The economic dimension of the European Union, the structure and rules of the Customs Union and Single Market, have been built up painstakingly over may years, among countries that live cheek-by-jowl and, contrary to Brexit assertions about UK exceptionalism, share a common cultural heritage.
It is the dense web of rules and regulations that allow EU members to trade seamlessly with one another. They also make possible life as we know it today for ordinary European citizens: easy of travel; the right to live and work elsewhere in the EU; health coverage across the Union; the absence of roaming changes and strong personal data protection laws.
The problem for Brexiteers is that when it comes to alternatives to the European Union in general, or to the Single Market and Customs Union in particular, to borrow some words from the writer Gertrude Stein, there is no there there.
Whatever about affinities of culture and language between Anglosphere countries there is no economic structure which links them together, no one body with which the UK can go and negotiate arrangements to replace the trade it will inevitably forego with the EU. Not to mention the fact that they are scattered to the four corners of the globe.
Negotiations will have to be conducted slowly, one by one, country by country. But first the UK has to try to roll-over the trade deals the EU already has with third countries. Easier said than done for as James Ashton-Bell of the CBI told the newspaper Business Insider :
“The UK fundamentally lacks the experience or the bandwidth to conduct 20 or more trade renegotiations in parallel to complete before the potential cliff edge of January 2021… The potential of a cliff edge for these agreements is very real, and potentially hugely damaging at both firm-level and for entire sectors of the UK economy. It could wipe some out overnight. Some export-reliant companies could literally go bankrupt.”
So, to repeat, what happens next? Quite frankly, as of today, April 30th, no one can say.
Two weeks ago who would have predicted that Amber Rudd would have resigned as Home Secretary, as a result of the fallout over the Windrush scandal? Who saw that coming?
As we said earlier, there is no majority in the UK Parliament to leave the Customs Union and the Single Market. But there are those in the Cabinet determined to do so, backed by a vocal and hardline group of Conservative MPs.
Negotiations between now and the June on the Irish border issue could bring matters to a head.
Anything could happen and probably will.
I don’t doubt your Analysis of the twisted, reality-removed ideology of a Segment of British Population – but it’s still deeply puzzling because it’s so far removed from reality. Esp. Point 2 – EU being Catholic?? Yes, France, Spain + Italy are traditionally Catholic – but Germany is half-half, and Scandinavia is Protestant.

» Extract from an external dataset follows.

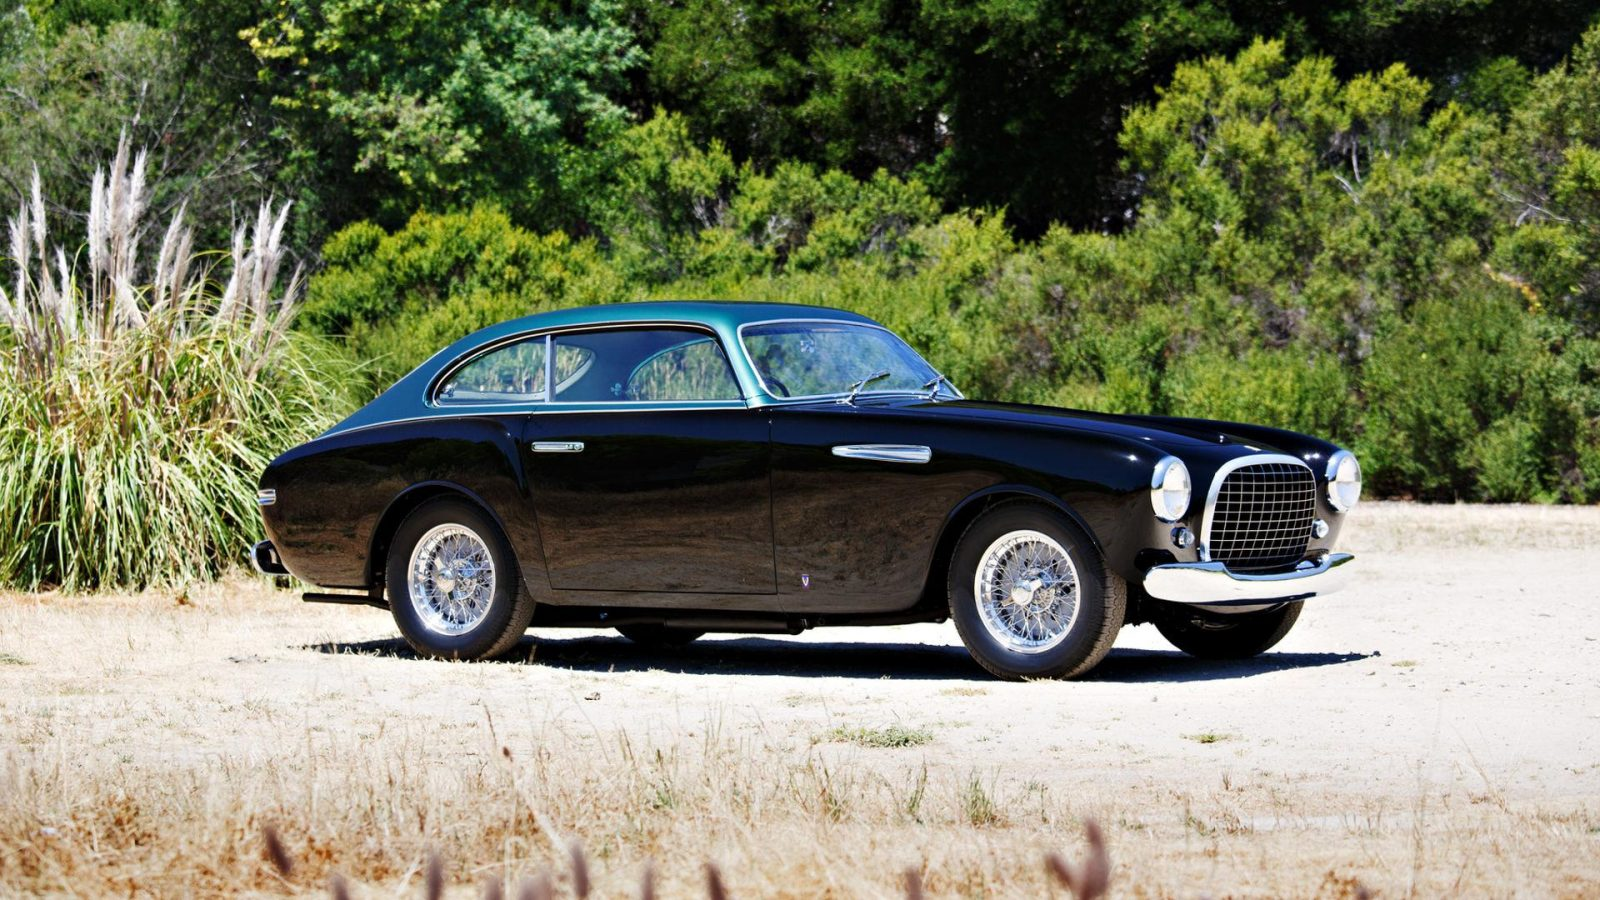 1951-ferrari-212-inter-coupe-copyright-gooding-company-brian-henniker

However, since the 1960s, most of Europe is, I’d say, simply culturally religious: most of the Population go to Church for Christmas + Easter, the rest of the year, Churches are empty save for the old Folks. It’s a Tradition People grew up with, but not anything worth treating People differently.
It reminded me of that White Obelisk in London, which commemorates the big Fire of 1666, and in the inscription the last line blamed Spanish (Catholic) enemy agents: no proof, but “obviously” a fire couldn’t have been neglience / accident plus wooden buildings, no, it must have been enemies!

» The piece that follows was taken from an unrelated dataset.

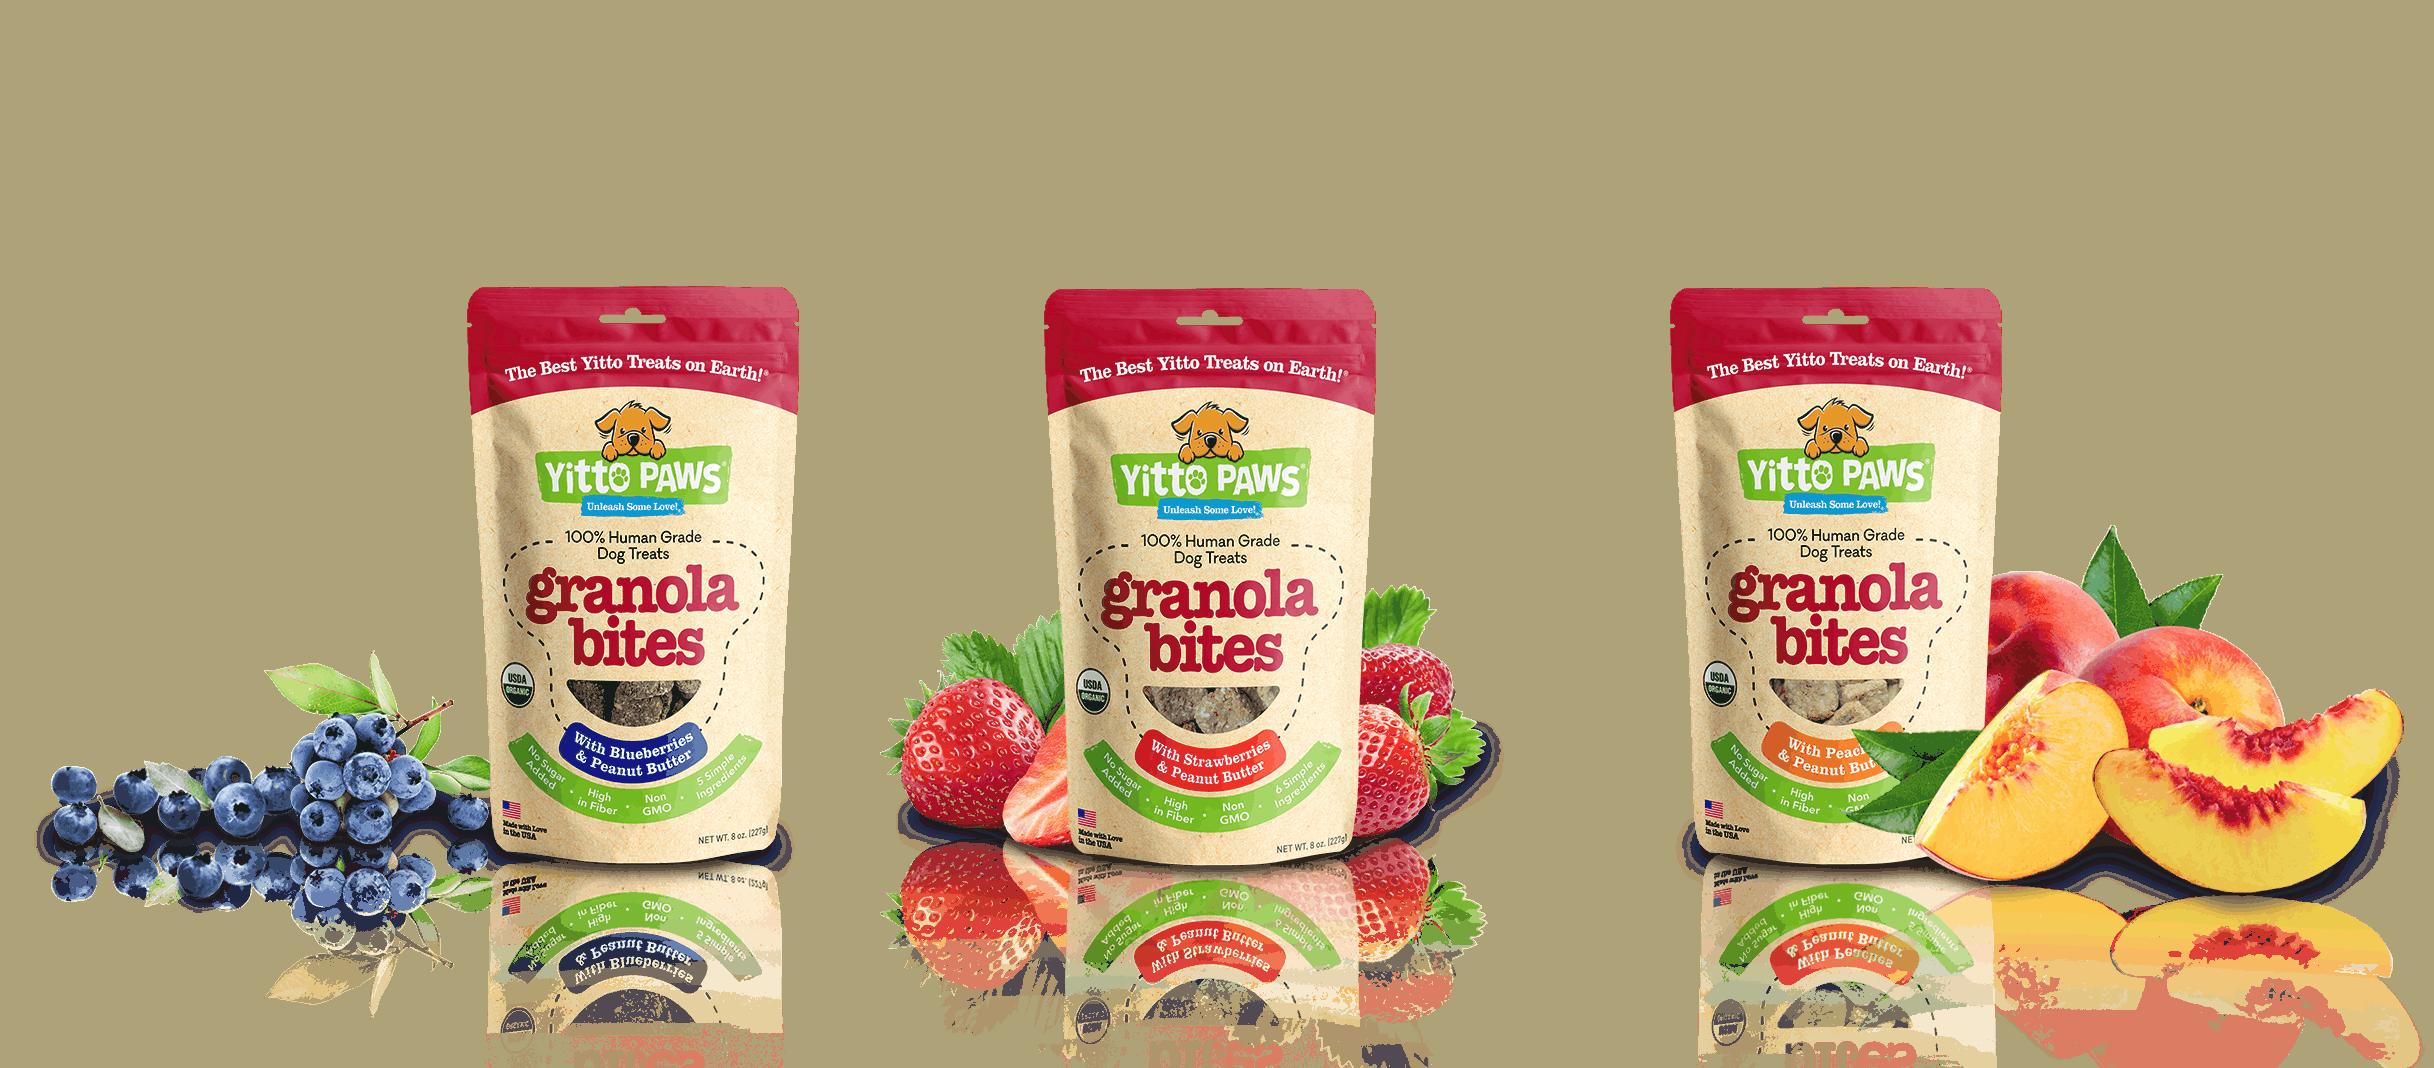 Yitto Paws Granola Bites come in three delicious 100% Organic flavors: Blueberry, Strawberry, and Peach

Worst was the tour guide’s remark that this line stayed there for centuries, until very recently.
This whole attitude of insularity as natural, as carrying grudges for decades and centuries, is so alien to how I experienced attitude towards history on the continent: every Country was at war with another Country every century; borders moved; peasants didn’t have nationality, they were serfs to one duke/ king; kings + dukes swore oath of loyalty to emperor, but when war started, didn’t feel like following, or left when it looked bad – so nationalism was a very recent, and very bad idea, let’s all be Europeans, because it was pure Chance which side of the river that’s the border our grandparents settled before giving birth and thus establishing nationality.